Neuer Roman von John le Carré Nicht sein bestes Buch, aber eines seiner wichtigsten

Seinen 88. Geburtstag hat John le Carré auf einem Anti-Brexit-Marsch verbracht. Die Sorge um die Gegenwart durchzieht auch seinen neuen Roman "Federball": Er lässt die Figuren über Trump und England schimpfen.

Badmintonspieler (Symbolbild): "List, Geduld, Tempo"
Getty Images

Badmintonspieler (Symbolbild): "List, Geduld, Tempo"


Was er getan habe, sagt George Smiley, John le Carrés großartigste Schöpfung, am Ende des vor zwei Jahren veröffentlichten Romans "Das Vermächtnis der Spione", ob gut oder böse, das habe er weniger für England als vielmehr für Europa getan. Seine Mission sei es gewesen, "Europa aus dem Dunkel in ein neues Zeitalter der Vernunft zu führen. Das Ziel habe ich heute noch." Smiley, einer der hellsten Köpfe des britischen Geheimdienstes, sieht natürlich, dass es auch drei Jahrzehnte nach dem Ende des Kalten Krieges, an dessen Front er als Spion gekämpft hatte, alles andere als gut steht um die Welt und Europa und England.
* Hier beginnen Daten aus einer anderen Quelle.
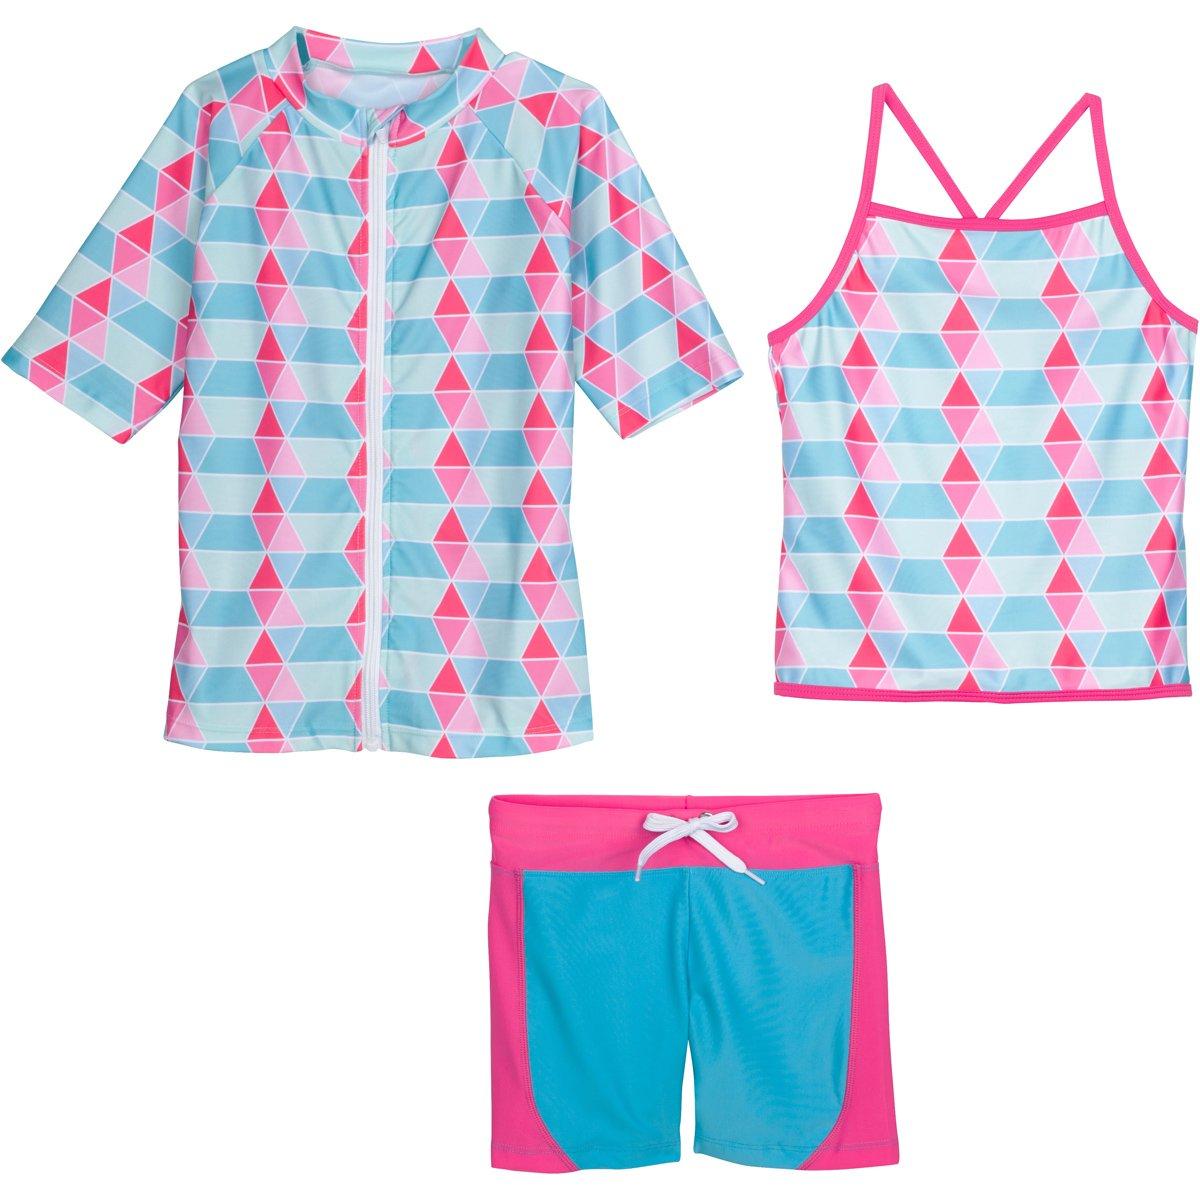 SwimZip Girls Short Sleeve Rash Guard Swim Shorts Set UPF 50+ Sun Protective Zipper Blue 4T SZISSSHORTSET3PC16

Der Schlussmonolog von le Carrés letztem Roman findet sich als Echo auch in seinem neuen wieder: "Ich bin durch und durch Europäer", sagt Nat, der Icherzähler von "Federball". Mit seinen 47 Jahren, dem natürlichen Charme und den guten Manieren wirkt er wie eine jüngere Ausgabe des unscheinbaren, oft unterschätzten George Smiley.
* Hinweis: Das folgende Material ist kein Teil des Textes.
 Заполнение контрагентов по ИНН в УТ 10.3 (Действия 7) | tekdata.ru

Nat, zwei Jahrzehnte lang im Ausland als Agentenführer tätig, kehrt zurück nach London, als Leiter einer "Die Oase" genannten Abteilung, in der vor allem inzwischen überflüssige Geheimdienstmitarbeiter geparkt werden. Ein Sammelsurium der Gescheiterten ist diese "Oase" und erinnert an Slough House, die Abstellkammer verbannter Spione aus der "Slow Horses"-Romanreihe von Mick Herron, der in Großbritannien schon länger als Anwärter auf le Carrés Thron gehandelt wird.

Nat weiß, dass er nicht mehr im Zentrum der Macht agiert, und konzentriert seine Ambitionen folglich vor allem darauf, seine Ehe zu retten und in seinem Badminton-Klub die Nummer eins zu bleiben. Badminton ist eine ernsthafte Sportart - und eben nicht das luftig-leichte "Federball" der ansonsten gelungenen deutschen Übersetzung: "Badminton ist List, Geduld, Tempo. Man wartet in Lauerstellung auf seine Gelegenheit zum Angriff." Eigenschaften, die Nat auch für seinen bisherigen Job brauchte, die Anwerbung und Extrahierung von Überläufern.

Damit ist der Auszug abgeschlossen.